Knockdown of FBLN2 suppresses TGF-β1-induced MRC-5 cell migration and fibrosis by downregulating VTN

Idiopathic pulmonary fibrosis (IPF) is a common chronic and progressive lung disease. Fibulin-2 (FBLN2) is upregulated in patients with IPF; however, its exact role in IPF remains unclear. The present study aimed to investigate the role and the regulatory mechanism of FBLN2 in TGF-β1-induced fibrogenesis using human lung fibroblast-derived MRC-5 cells. Cell transfection was performed to regulate FBLN2 expression. Reverse transcription-quantitative PCR and western blot analyses were performed to detect the expression levels of FBLN2 and vitronectin (VTN). Cell viability and migration were determined via the Cell Counting Kit-8 and wound healing assays, respectively. Immunofluorescence was performed to detect α-smooth muscle actin (α-SMA)-positive cells. The STRING database was used to predict the interaction between FBLN2 and VTN, which was verified via the protein immunoprecipitation assay.
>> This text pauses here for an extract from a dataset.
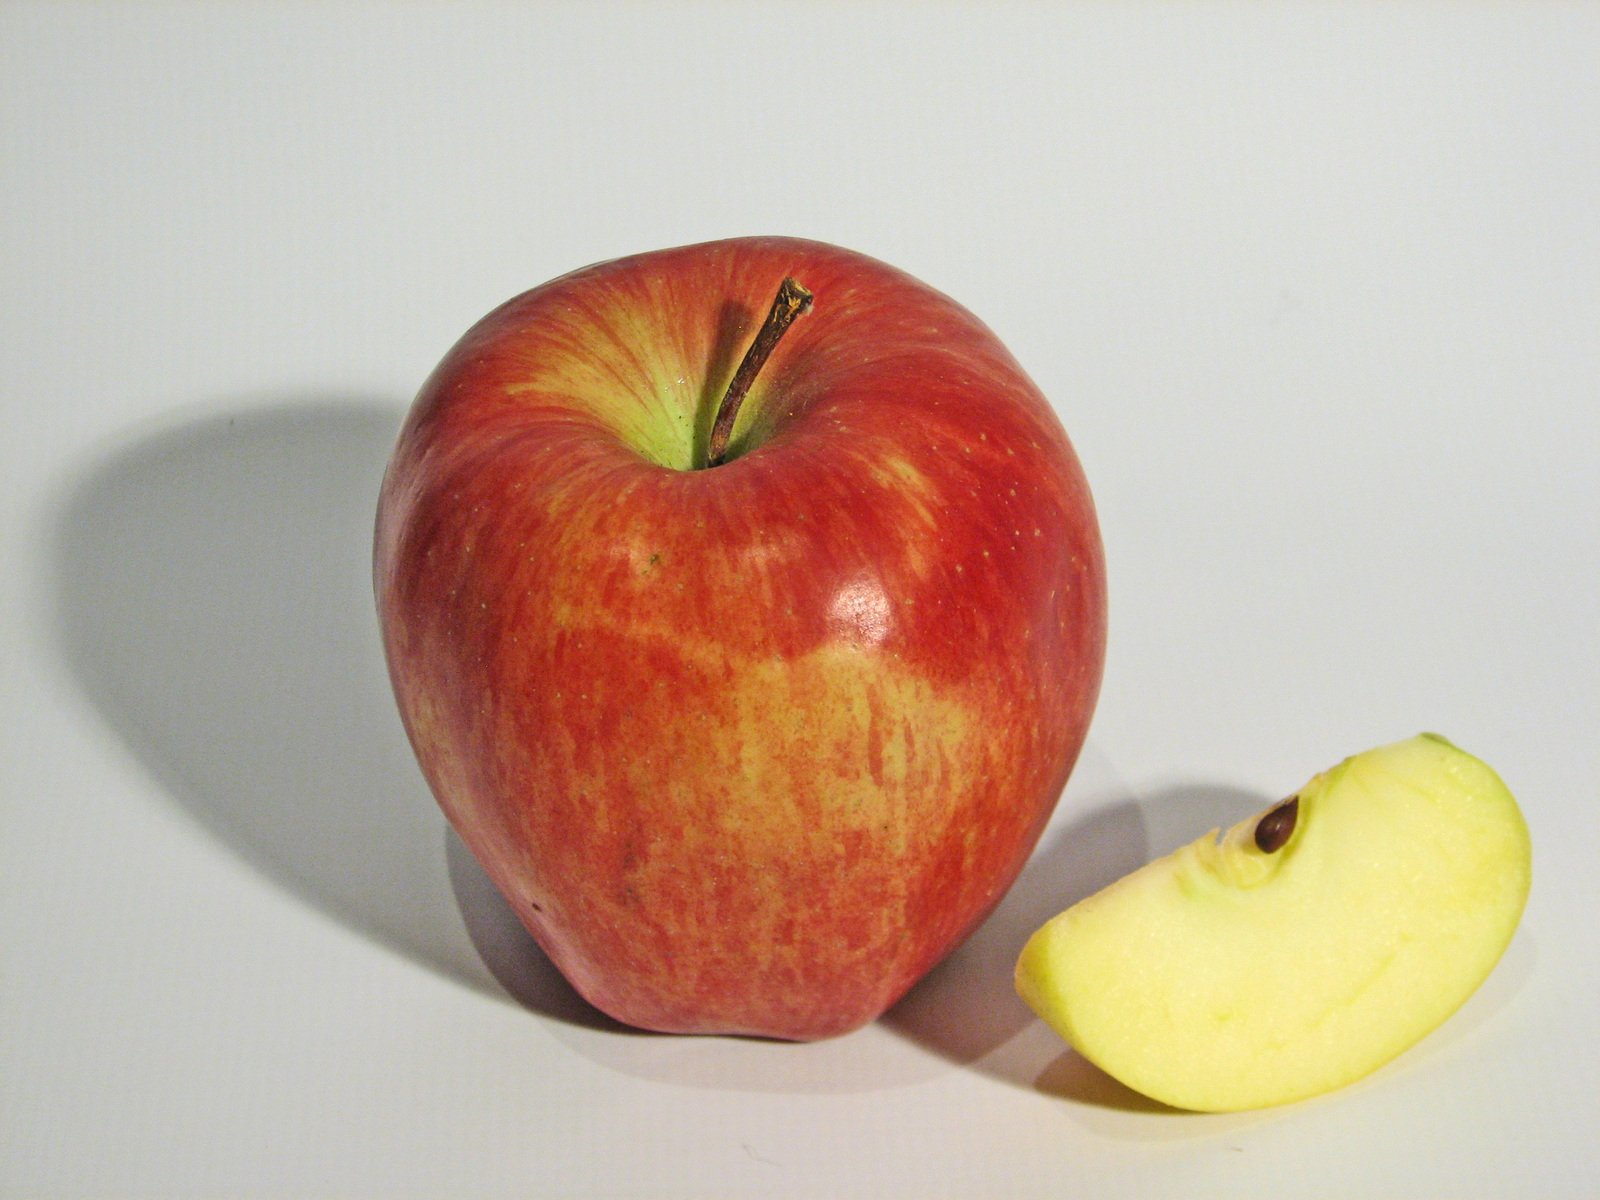 an apple and a half of the apple are shown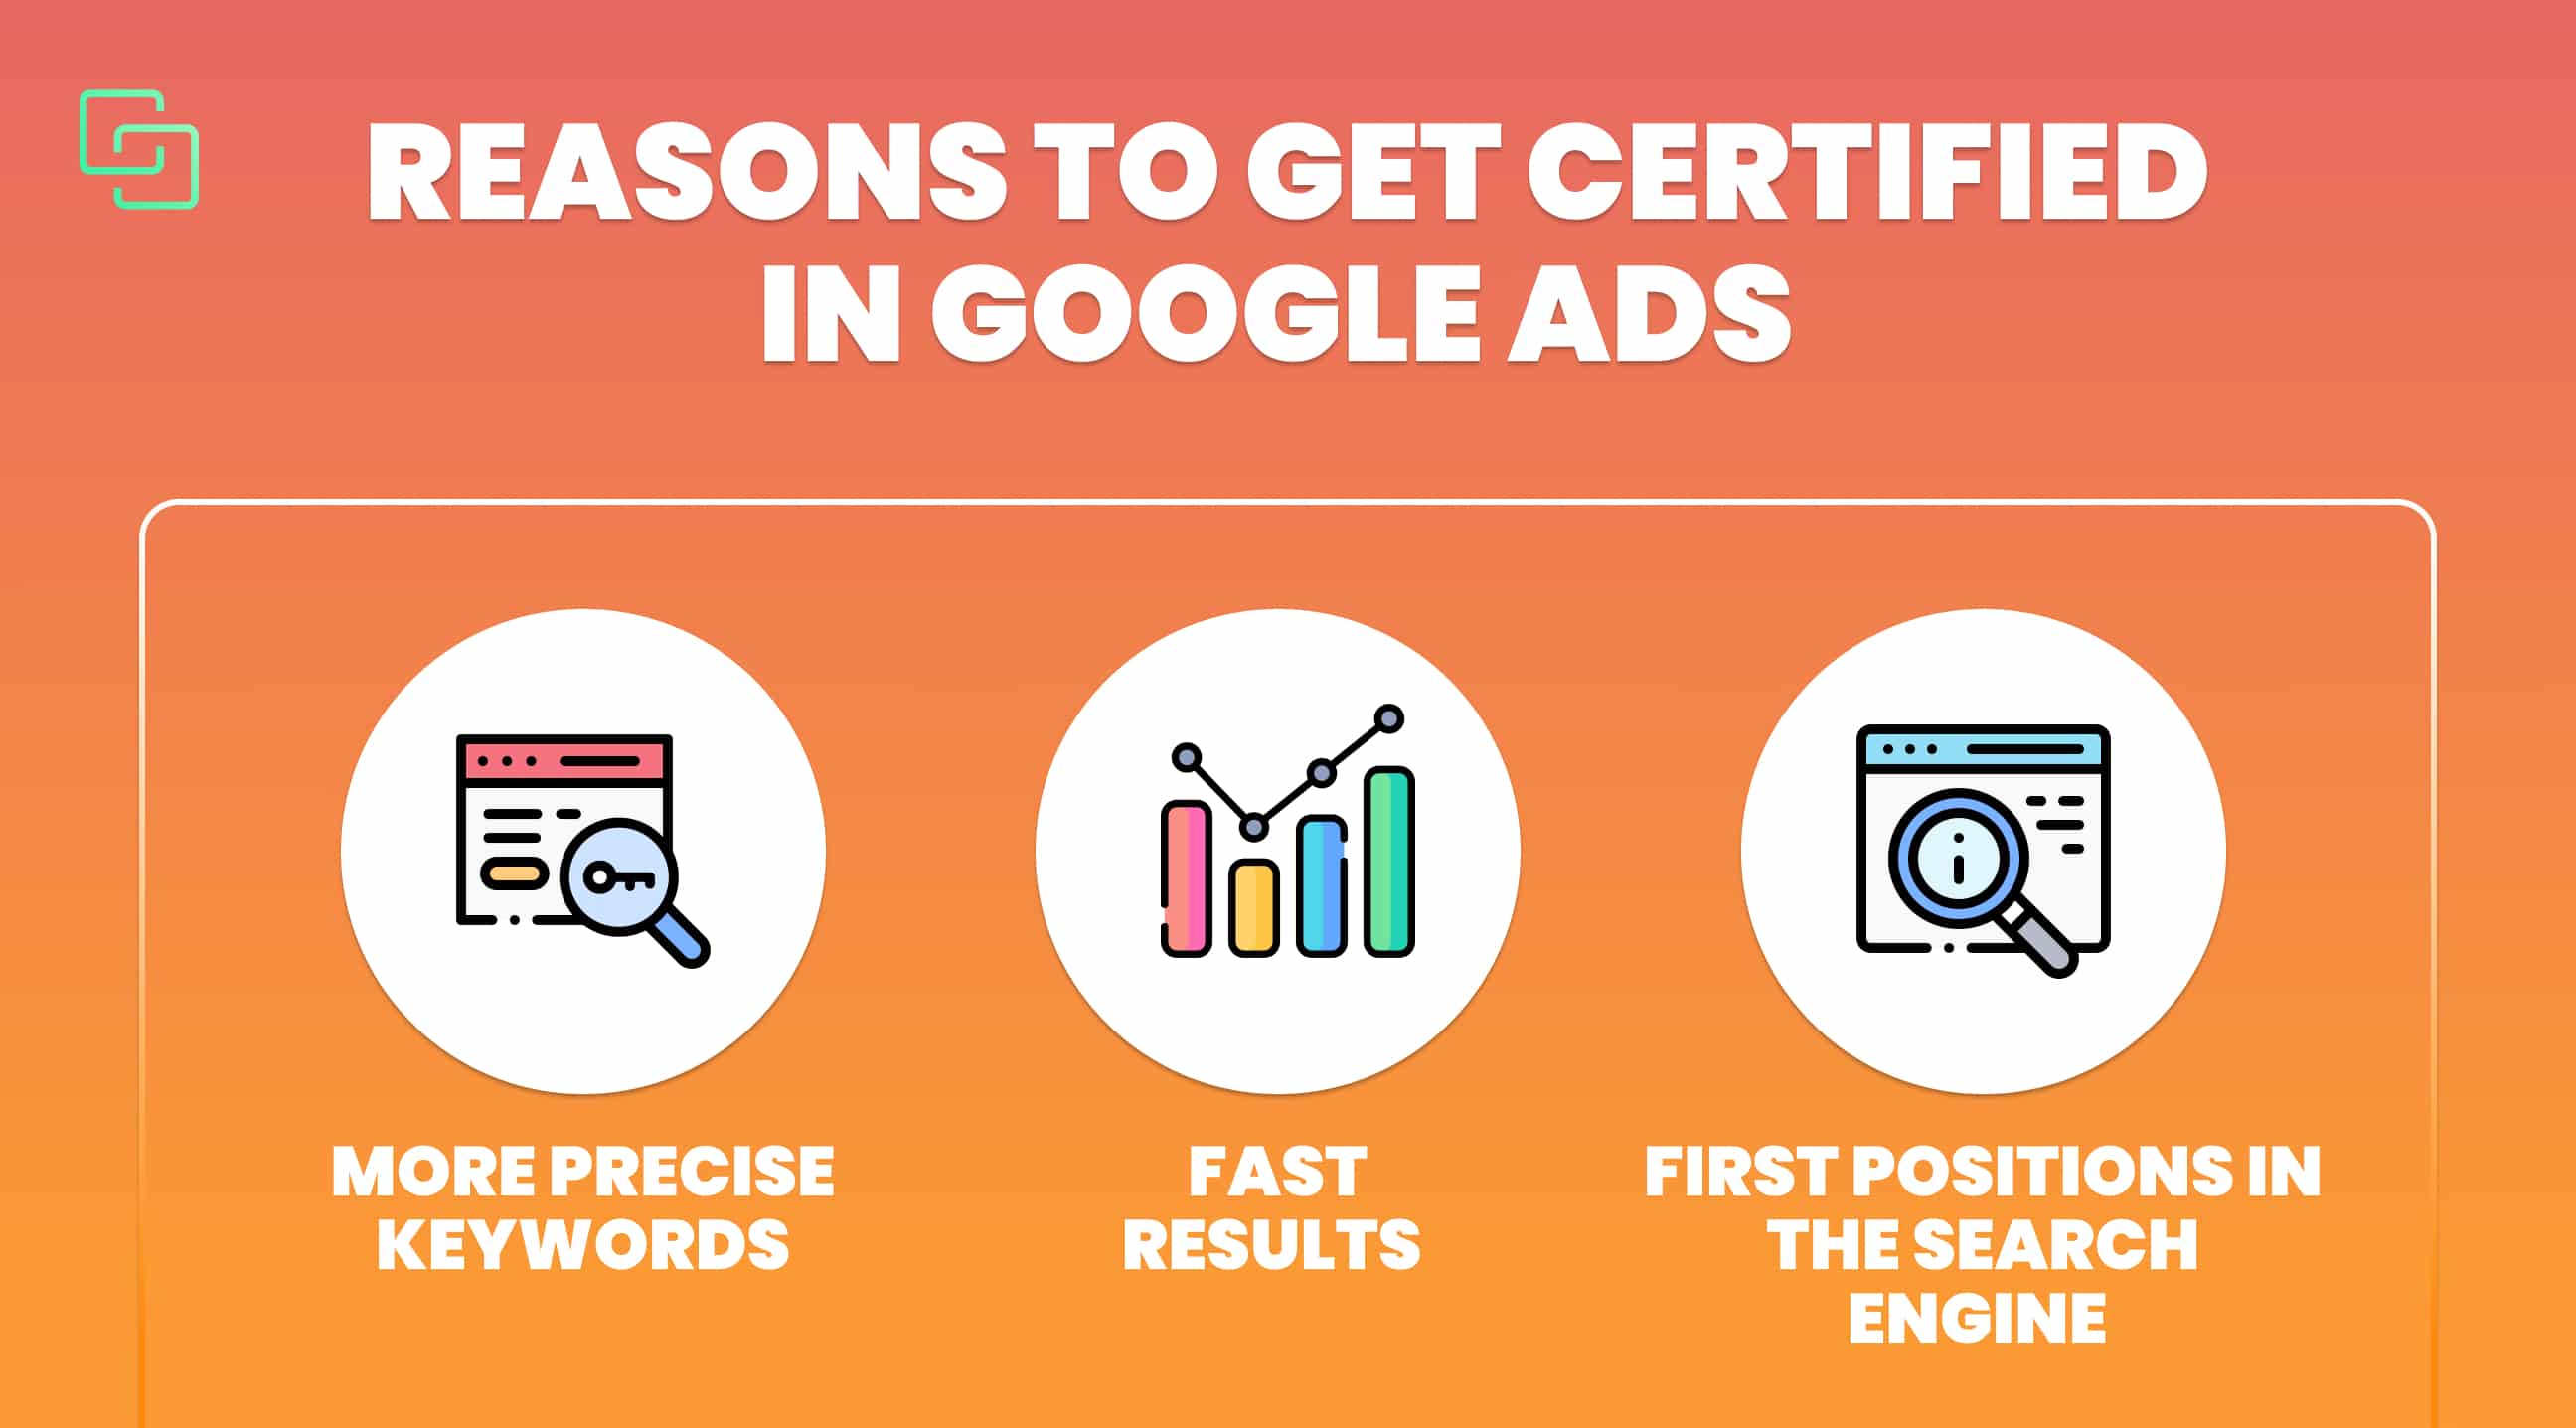 Google Ads Certification Learn how to get certified (2022)

The results demonstrated that inhibition of FBLN2 notably inhibited TGF-β1-induced proliferation and migration, as well as downregulating the protein expression levels of MMP2 and MMP9 in MRC-5 cells. In addition, inhibition of FBLN2 suppressed the expression levels of α-SMA, collagen type 1 α1 and fibronectin. FBLN2 was demonstrated to bind to VTN and negatively regulate its expression. Furthermore, overexpression of VTN partly abolished the inhibitory effects of FBLN2 knockdown on TGF-β1-induced proliferation, migration and fibrosis, as well as the activity of focal adhesion kinase (FAK) signaling. Taken together, the results of the present study suggest that FBLN2 knockdown can attenuate TGF-β1-induced fibrosis in MRC-5 cells by downregulating VTN expression via FAK signaling. Thus, FBLN2 may be a potential therapeutic target for IPF treatment.